Para aquellos que prefieren sumar adrenalina a la actividad física, el Slackline es una buena alternativa. Se trata de una disciplina de equilibrio en que se utiliza una cinta de nailon o poliéster entre dos puntos fijos y se tensa. Los orígenes de esta técnica se remontan a los bosques de Yosemite, Estados Unidos, hace por lo menos veinte años. La altura en que se coloca la cinta puede cambiar y de ahí va tomando otros nombres, como lowline o trickline (a pocos centímetros del suelo) hasta llegar a la highline (a varios metros de altura). En cualquiera de sus variantes apunta a mejorar el equilibrio, la concentración y la relación con el cuerpo y el desplazamiento. Los músculos del tren inferior, del abdomen y lumbares son los que más se trabajan cuando se practica Slackline.
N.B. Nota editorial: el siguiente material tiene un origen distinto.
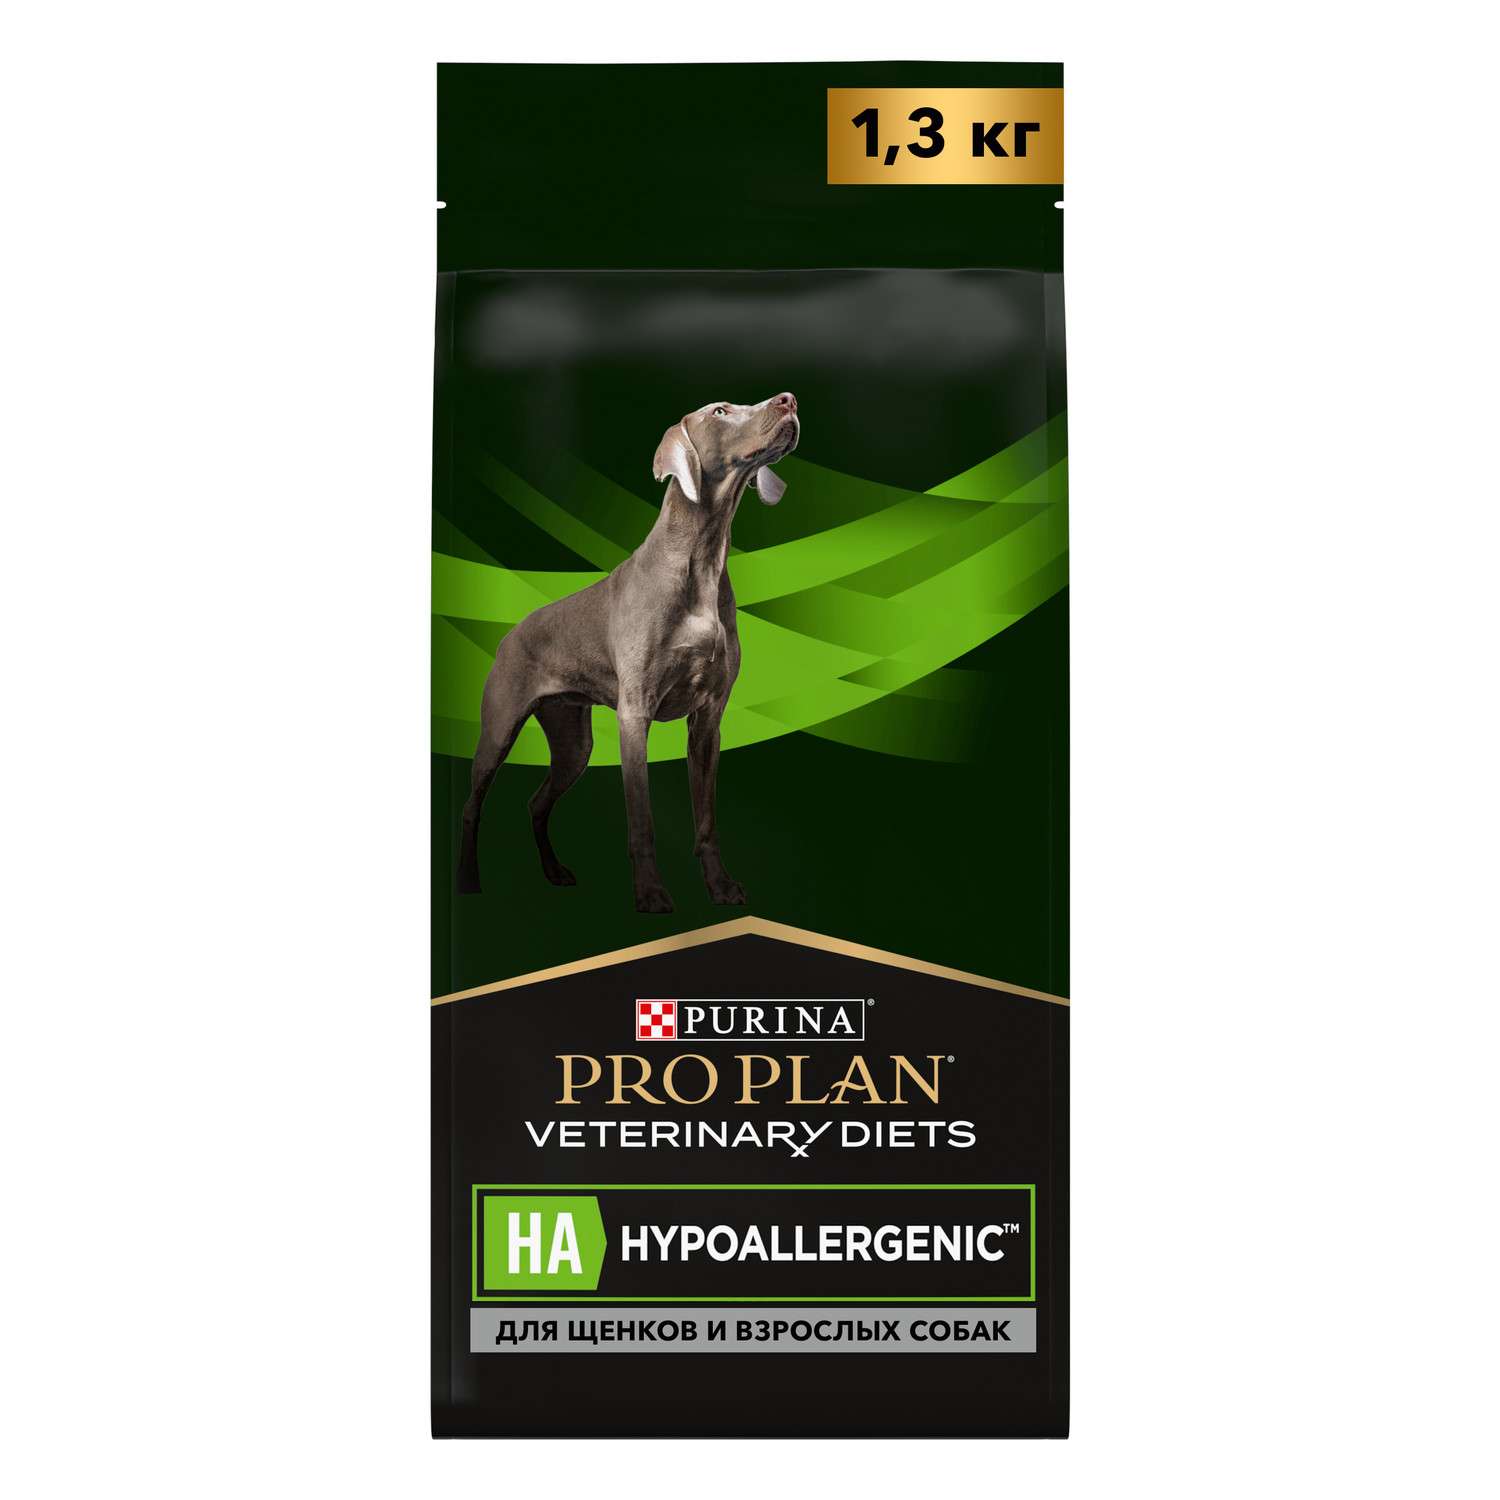 Корм для щенков и собак Purina Pro Plan Veterinary diets HA Hypoallergenic для снижения пищевой непереносимости ингредиентов и питательных веществ сухой 1.3кг - фото 1

Por último, el TRX Suspension Training es una nueva forma de entrenar que surgió a partir de la necesidad de entrenamiento constante, para mantener una condición física óptima, de los integrantes de la Navy SEAL de los Estados Unidos, en momentos en que no contaban con sus equipos ni con el espacio necesario. Se trata de una herramienta compuesta por dos cintas que sirve para realizar un adiestramiento efectivo. “El entrenamiento en suspensión hace referencia a una amplia colección de movimientos y ejercicios, que se diferencian de los tradicionales, ya que las manos o los pies de la persona suelen encontrarse sostenidos por un solo punto de anclaje, mientras que el extremo opuesto del cuerpo está en contacto con el suelo. Cuando se usa TRX Suspension Trainer, el porcentaje del peso corporal recae sobre la zona corporal deseada y con una dinámica de movimiento de ejercicio. El único punto de sujeción del TRX brinda una combinación ideal de apoyo y movilidad para desarrollar la fuerza, resistencia, coordinación, flexibilidad, potencia y estabilidad de la parte central del cuerpo (CORE)”, dice Yanina Pizzella, instructora de TRX.

Este tipo de entrenamiento –que hace uso de la gravedad y del peso corporal– activa toda la musculatura del cuerpo, según el movimiento que se realice. “Pero siempre va a ser fundamental el trabajo constante de la sección media, que es donde se desarrolla la fuerza, resistencia y estabilidad, para cada ejercicio”, resalta Pizzella. Más allá de las propuestas, es importante tener el cuerpo entrenado.

Bailar también ayuda

El twerking es el baile que hace furor por estos días. La idea de esta danza es moverse de manera provocativa, con movimientos pélvicos de lo más sensuales, algo parecido a lo que ocurre con el “perreo” del reggaeton. Consiste en colocar las manos en las caderas, flexionar las rodillas y mover la cadera hacia dentro y hacia fuera al compás de la música. De la mano de Beyoncé,  Rihanna y Miley Cyrus, el twerking se recomienda como un ejercicio aeróbico que permite quemar hasta 600 calorías en una hora, endurece los glúteos y las piernas, y genera un gran beneficio a nivel cardiovascular.